Johnathon had a large laceration on his head, and it was obvious that he’d suffered a head injury. He was not wearing a helmet.

Johnathon’s mother, Michelle George, soon arrived at the hospital. A former emergency department nurse at St. Elizabeth, Michelle is familiar with the people and the process.

“It was comforting to know Johnathon was in good hands,” she says. “Shortly after his arrival to the surgical intensive care unit, he was taken to the operating room to clean his wounds.

When they attempted to wake him after the procedure, they discovered his condition was more serious than they thought.”

Trauma surgeon Heath Dorion, MD, treated the patient for a severe concussion. But after conducting various tests, he found that Johnathon’s worst injuries involved his lungs rather than his head.

He remained intubated post-operatively and was admitted to the surgical intensive care unit. Attempts to liberate him from the ventilator were halted by a rare pneumonia, which he likely contracted from dirt and gravel aspirated at the scene.

As the days passed and his respiratory status continued to deteriorate, Johnathon was placed on a specialized breathing machine as a life-saving alternative to traditional ventilator management. He tolerated the treatment well, until the fourth day, when nearly two liters of blood filled his right chest cavity. Since he was too unstable for surgery, the only option was to watch and wait.

Thankfully, the bleed subsided within a few hours. Over the next two days, he was weaned off ECMO and his right chest tube was removed. Unfortunately, he developed a hole in his lung and the chest tube needed to be replaced immediately. Collaboration between the trauma attending/critical care intensivist and cardiothoracic surgeon helped to stabilize Johnathon’s condition. Within a couple days, he opened his eyes and was able to undergo surgery.

DISCHARGED AT LAST

After 34 days in the hospital, Johnathon was discharged to the acute rehabilitation unit at St. Elizabeth, where therapists helped him regain his strength and prepare for discharge. The Wednesday before Thanksgiving, Johnathon was discharged home.

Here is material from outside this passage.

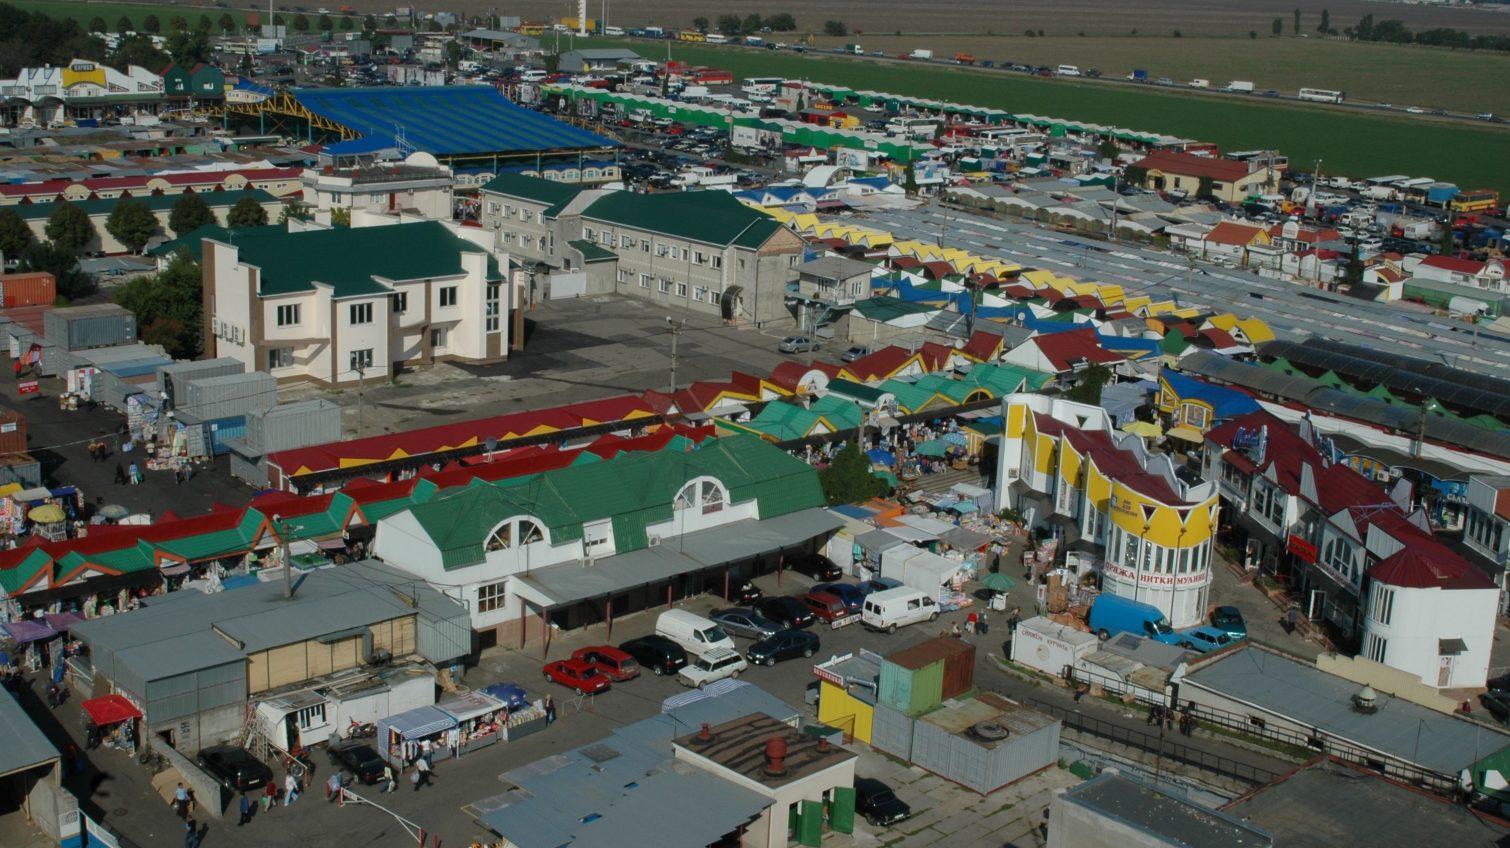 Предприниматели «7 километра» боятся закрытия, а руководство рынка говорит, что речь идет о ремонте «фото»

“Words cannot describe the emotions that a parent feels seeing their child lying broken in a hospital bed,” says Michelle. “The uncertainty of not only the diagnosis but also the prognosis made it even more difficult. It seemed like each small improvement was followed by a significant setback resulting in an emotional roller coaster for weeks. Initially, we were relieved he only had a scalp laceration and possible concussion – only to have it progress. Johnathon’s miraculous recovery was a result of the remarkable team we have at St. Elizabeth,” she adds.

“They made sure our family was always informed, which is so important, and they patiently answered all of our questions.” While undergoing emergency care, Johnathon was unaware of what was going on.

“I really don’t remember the time before rehab,” he says. “Rehab helped a lot. At first I couldn’t walk or talk, and I was very weak from Thanksgiving through the first of January.”

The occupational and physical therapists at rehab had Johnathon use an exercise bike and rubber bands to stretch. “Eventually, I got my balance and strength back. Communicating was difficult but one nurse helped me talk again. The doctors at the hospital took care of my pain and made me comfortable. I’d like to thank everyone who helped me. I’m also thankful for my mom who took a whole month off of work to be with me,” he adds.

“My dog and I had to go live with her. I had adopted a puppy. Mentally, it helped a lot to have a dog.”

Johnathon works at a shop that restores old cars and trucks.

“I can’t wait to redo the truck I bought,” he says. “I’m very thankful to be alive and am looking forward to riding my bike again – of course now with a helmet on.”